As someone who wants to establish or improve remote work policies at your own organization, you will find the following pieces of advice pretty useful. From company culture to communication, you'll learn about successful remote work teams around the world, and how you can become one too.
Top 7 Productivity Tips from Remote Working Leaders
"You have to ask a lot of questions because there are a lot of unspoken rules about how work gets done. In a remote setting, you have to convert everything that was tacit to explicit. And there's no great way to do that other than sitting down and truly auditing the way that you work and pressure testing it."1. Darren Murph, Head of Remote Work @ Gitlab, Author of Living the Remote Dream
Darren Murph is one of the pioneers of remote work who has been pushing the idea of remote workplaces long before the pandemic hit the global workforce. He's heading remote work at Gitlab that comprises 1200 fully remote employees and no brick-and-mortar headquarters to name. The overreaching success of Gitlab as an organization that is valued at $6 billion offers a lot to learn about successful remote work.
In his advice, Murph stresses upon two things;
- Understanding that obvious doesn't apply to remote work
- Being ready to make fundamental changes to how your organization works
In a physical office, a lot of things are naturally understood. You don't have to announce that you're going for a stroll in the cafeteria or that you're feeling under the weather today. Anyone who merely glances at you can get that information easily. But all of this changes when you're working virtually.
No one can actually see you working, all they know is that you're online and that you'd respond to a chat message if one was sent. This makes a lot of obvious things a lot less obvious, which is how conflicts and misunderstandings begin to take shape.
This calls for a renewal of work policies. You'd have to build new rules and regulations that can help everyone deal with this unsettling virtual veil. How can you create a general understanding among remote employees of how work is to be done, even if no one is in sight?
Applying Murph's AdviceTo make your work processes smoother, the first thing to do is to establish ground rules of virtual working.
- Set protocols for scheduling meetings, having work chats, or discussing work issues. Let there be a process in place for communicating with fellow workers, such as, "No pings after 6 PM" or "Confirm availability on Slack before calling."
- Leveraging synchronous and asynchronous communication. Zoom meetings are great but a follow-up email on the key decisions made in the meeting is inevitable. Real-time conversations needed to be backed by asynchronous confirmations to make everything apparent.
- Being flexible in working from home and office. Organizations like standardizing shift timings, productive hours, and time-off but remote work is all about embracing flexibility. If people are more productive at night, then be it. Build a process around flexibility rather than curtailing it in the name of productivity.

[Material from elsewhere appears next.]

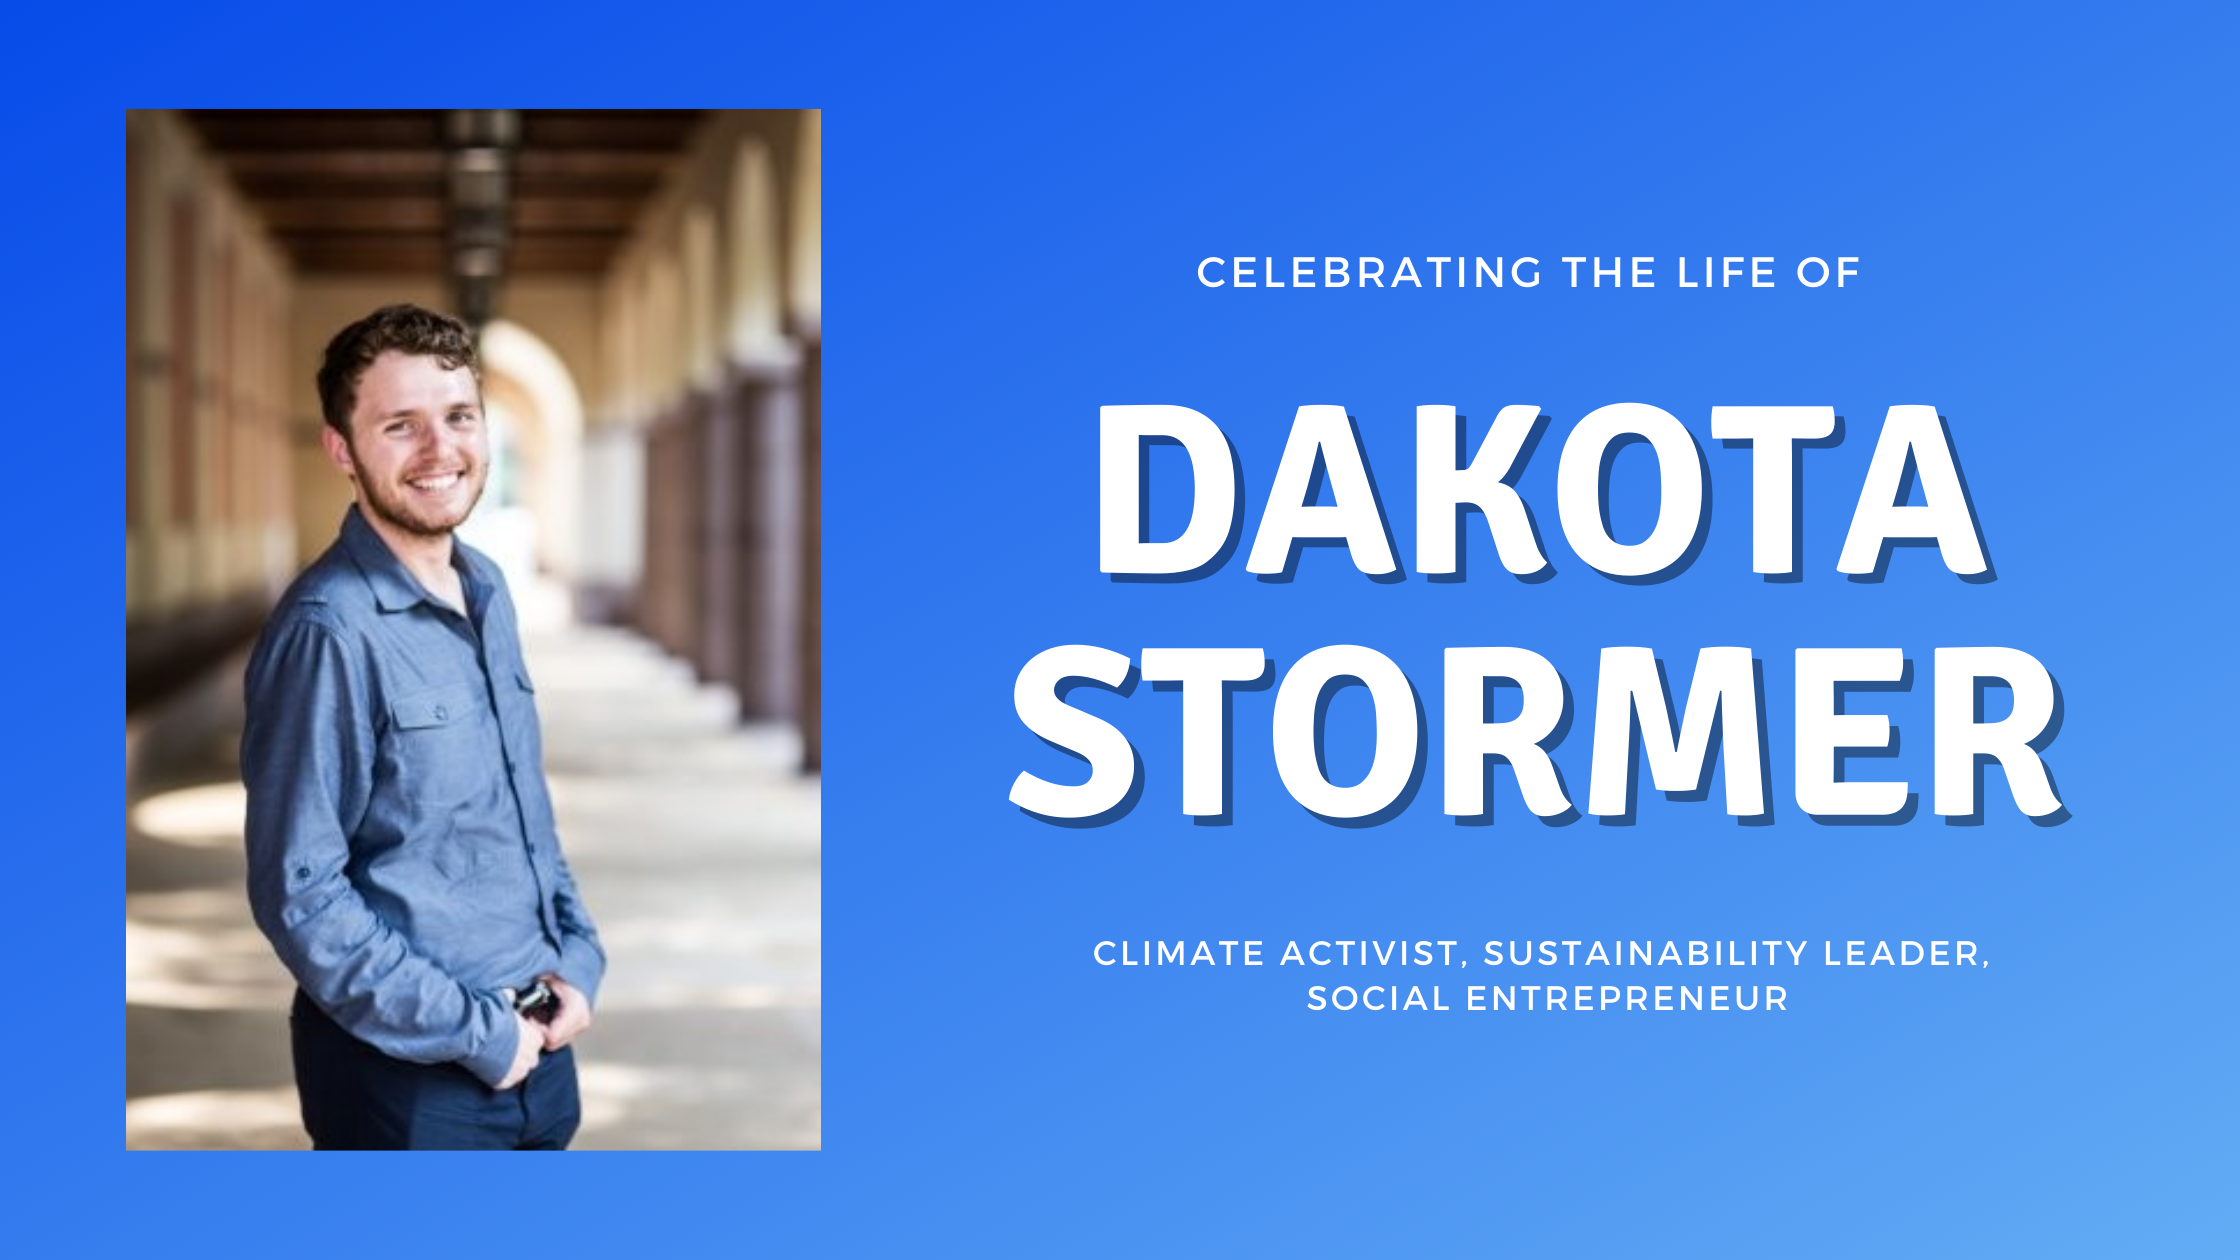 Celebrating the Life of Dakota Stormer, Net Impact

2. Tracy Brower, Ph.D. sociologist and the author of The Secrets to Happiness at Work
Tracy Brower has extensively studied work habits across industries in her life-long career of being a sociologist. She's a published author with Forbes, The Wall Street Journal, and recipient of the Stanford Alexander Center for Excellence in Real Estate Award. Her book, The Secrets to Happiness at Work sheds light on how to choose and create purpose and fulfillment at work.
In her recommendation, Brower mentions;
It's a well-understood fact that leaders often shape the culture of the organization. A motivated leader who does diligent work and respects the employees no matter where they work from can help build the culture of productivity without enforcing it.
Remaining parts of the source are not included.